8 April 2003
Funding boost for cancer research at Sussex
Research into the cellular causes of cancer at the University of Sussex has received a boost thanks to funding from Cancer Research UK.
A six-year fellowship worth over £900,000 will employ Dr Sally Wheatley and two other researchers for the next six years in the Genome Damage & Stability Centre and will also cover the cost of new equipment.
"I'm very excited to be here," says Dr Wheatley. "The facilities are excellent and everyone works together really productively."
Dr Wheatley will be looking at the way human cells divide and how this process can sometimes go wrong and lead to cancer.
When a cell divides, it must execute the processes of both 'mitosis' - the division of the genetic material - and 'cytokinesis' - the division of the cell itself.
Any inaccuracies in these processes - which are not yet fully understood - can lead to tumour formation or cell death.
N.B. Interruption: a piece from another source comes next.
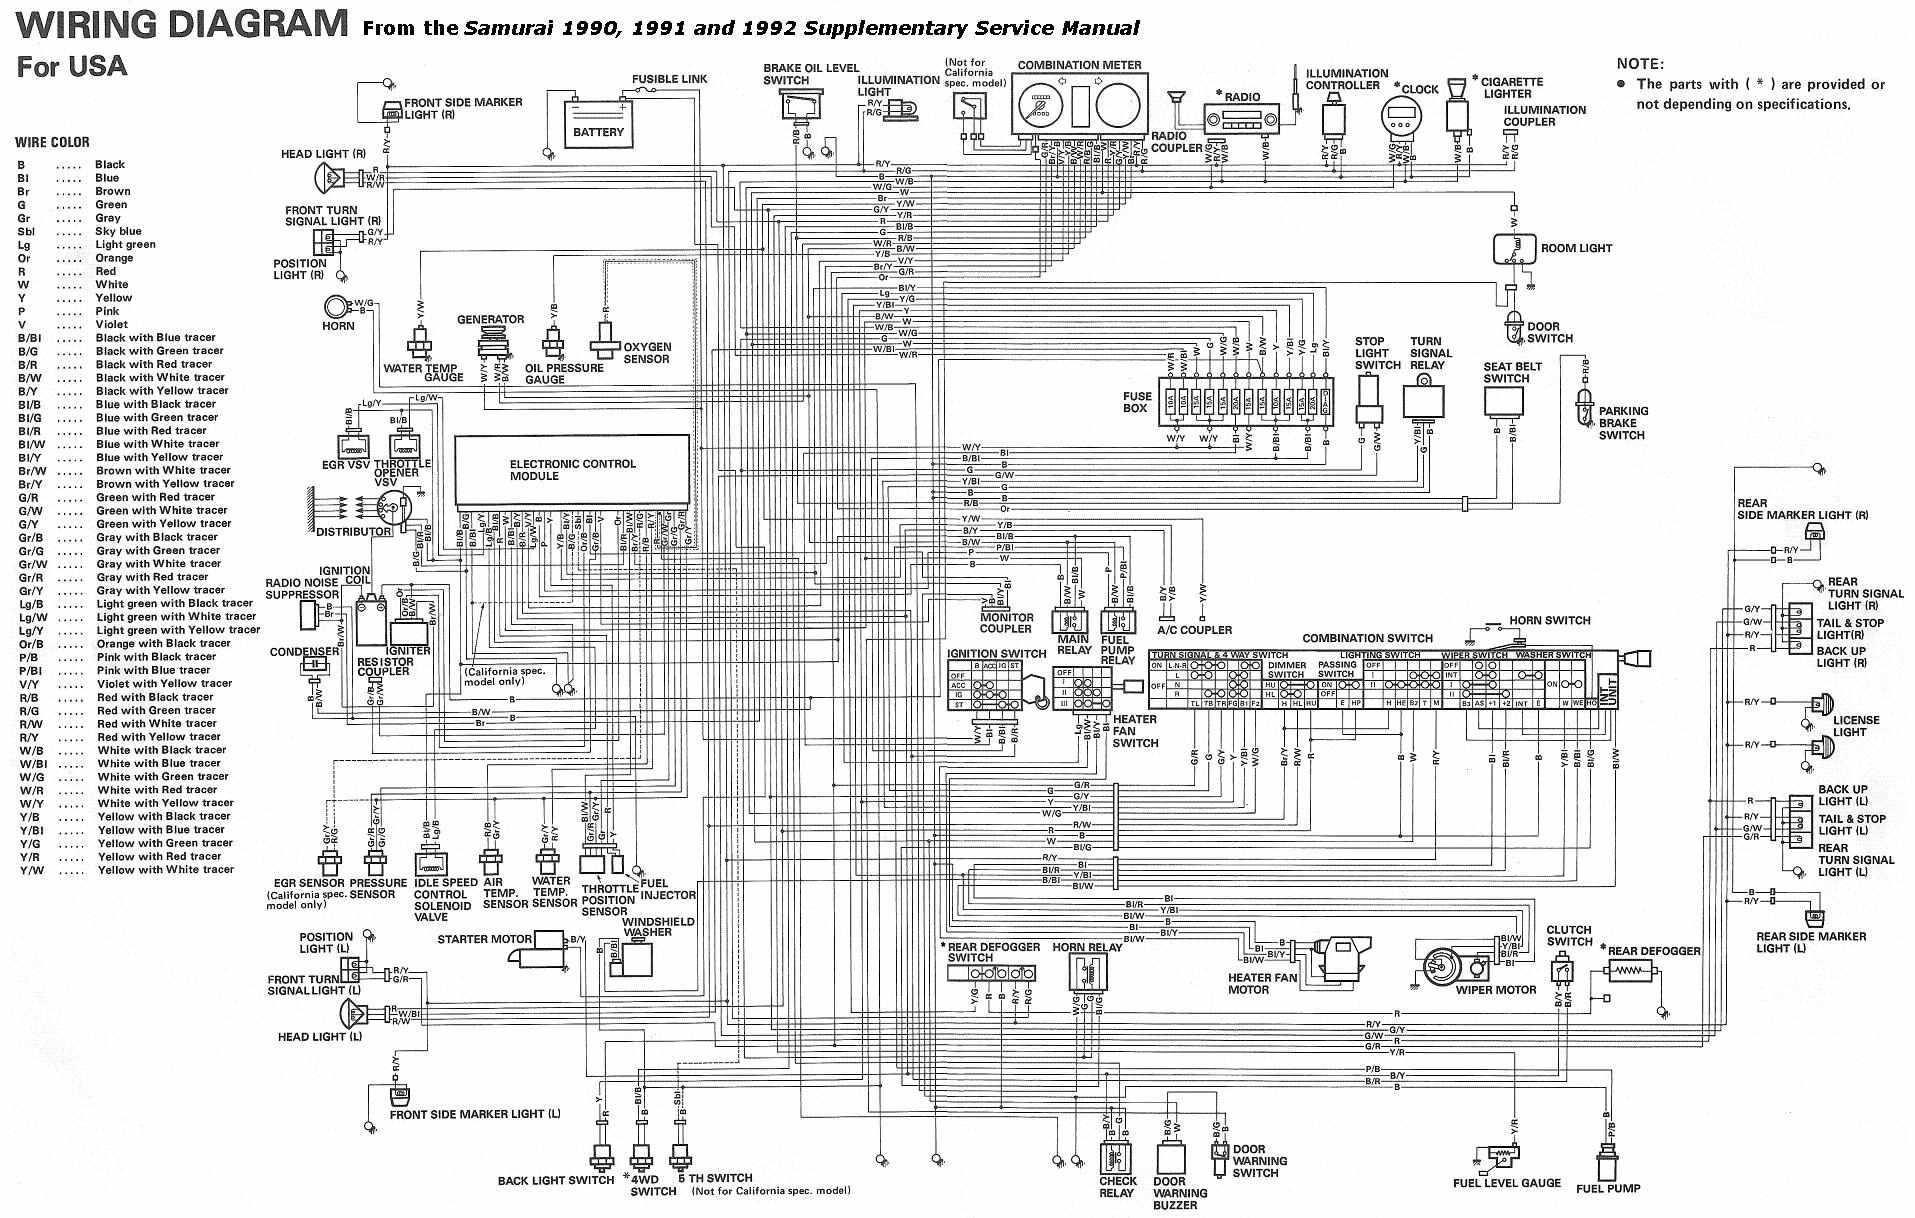 hight resolution of suzuki gn400 wiring diagram suzuki sv650 wiring diagram suzuki motorcycle wiring diagrams suzuki sv650 fuel relay

This research aims to identify and analyse the cellular proteins involved and to understand how they regulate the process of cell division.
One method that Dr Wheatley will be using is live imaging using green fluorescent protein - which is derived from jellyfish - fused with particular proteins to see where they move in the cell, all in real time.
The Genome Damage and Stability Centre at Sussex is a purpose-built facility for the investigation of genetic disorders which opened last year.